Durante a temporada de chuvas, o caracol africano volta a preocupare moradores de quintais, jardins e terrenos baldios. A espécie Achatina fulica se move em ambientes úmidos, onde se reproduz com mais facilidade, potencializando a infestação.

Especialistas alertam que o caracol atua como hospedeiro intermediário de parasitas que podem causar doenças. O Angiostrongylus cantonensis está associado à meningite eosinofílica, enquanto Angiostrongylus costaricensis pode provocar angiostrongilíase abdominal. A transmissão ocorre pela ingestão de verduras mal higienizadas ou pelo contato com o muco do animal.

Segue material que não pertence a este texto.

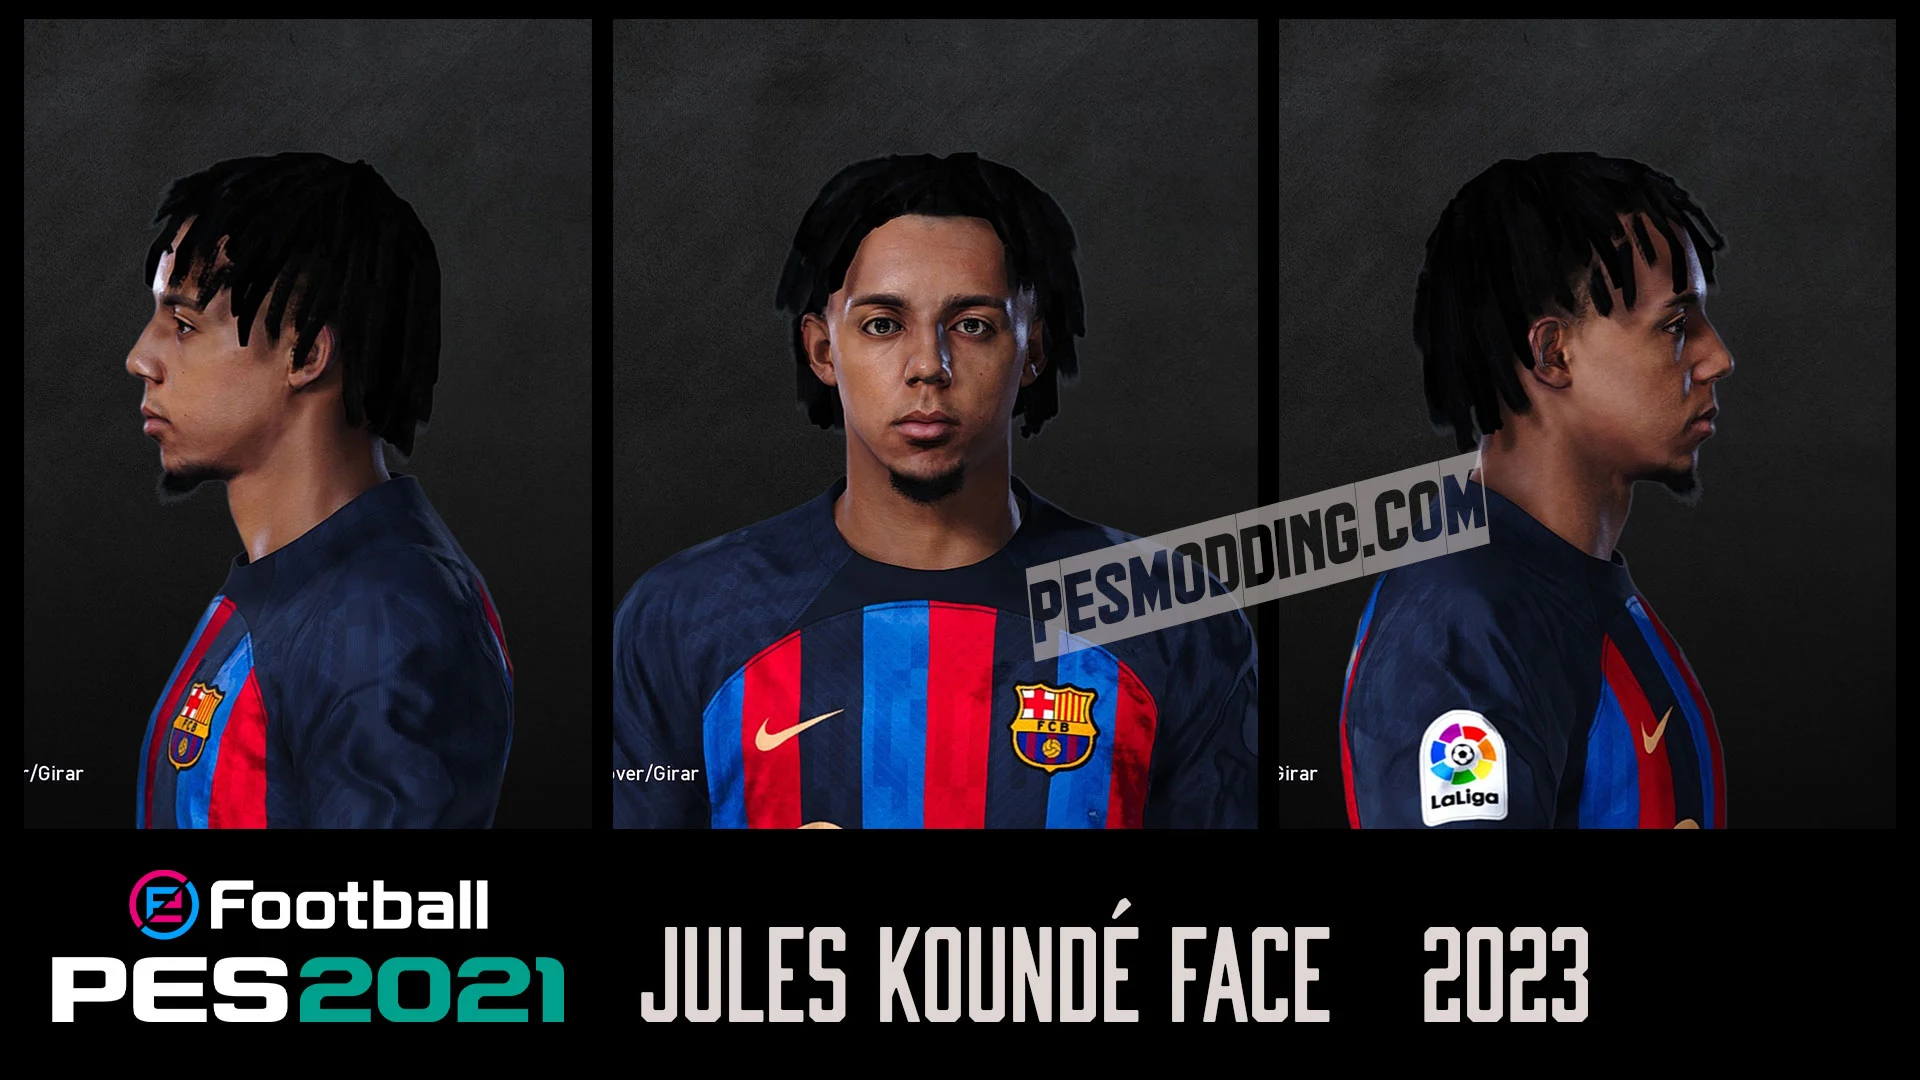 PES 2021 Jules Koundé Face Update 2023

A aparência típica do caracol é marrom com listras claras, podendo chegar a 20 centímetros. Em períodos secos, eles ficam em estado de dormência e retornam à atividade com a volta das chuvas. A observação varia conforme a região, com picos emergentes geralmente coincidentes com os períodos chuvosos locais.

No Sudeste, a saída dos moluscos costuma ocorrer entre outubro e março, durante a primavera e o verão. No Nordeste, a alerta ocorre entre abril e julho, quando as chuvas são mais frequentes. Essa sazonalidade aumenta a probabilidade de encontros com residências e jardins.

Para reduzir a presença, a recomendação é manter o ambiente seco, limpo e sem acúmulo de matéria orgânica. A presença de folhagens espessas e restos vegetais facilita a umidade e atrai os animais, próximos de áreas domésticas. Plantas de cheiro forte podem ajudar a afastar o caracol.

Entre as medidas práticas estão a identificação de locais sombreados, abrigos sob vegetação, sob entulhos ou próximo a vasos de plantas. Barreiras físicas simples em muros com cal podem dificultar a passagem do molusco. O solo também pode receber cal após a limpeza de resíduos orgânicos.

Ao encontrar um caracol, a coleta deve ser feita com proteção nas mãos, preferencialmente luvas descartáveis. O animal e seus ovos devem ser imersos em solução de cal ou de água sanitária por até 24 horas. Após o processo, as conchas devem ser destruídas para evitar acúmulo de água e o descarte é feito no lixo comum ou por enterro.

Após a remoção, é essencial lavar bem as mãos com água e sabão. A higienização de alimentos também é fundamental para minimizar o risco de contaminação das hortaliças. Crianças e animais de estimação devem ser mantidos afastados das áreas onde os caracóis foram encontrados.

Especialistas ressaltam que, mesmo com medidas de controle, o risco de infestações retornar existe durante ciclos de chuva. A vigilância de jardins, quintais e áreas próximas a residências continua sendo uma prática importante para reduzir a proximidade entre o ambiente doméstico e o molusco.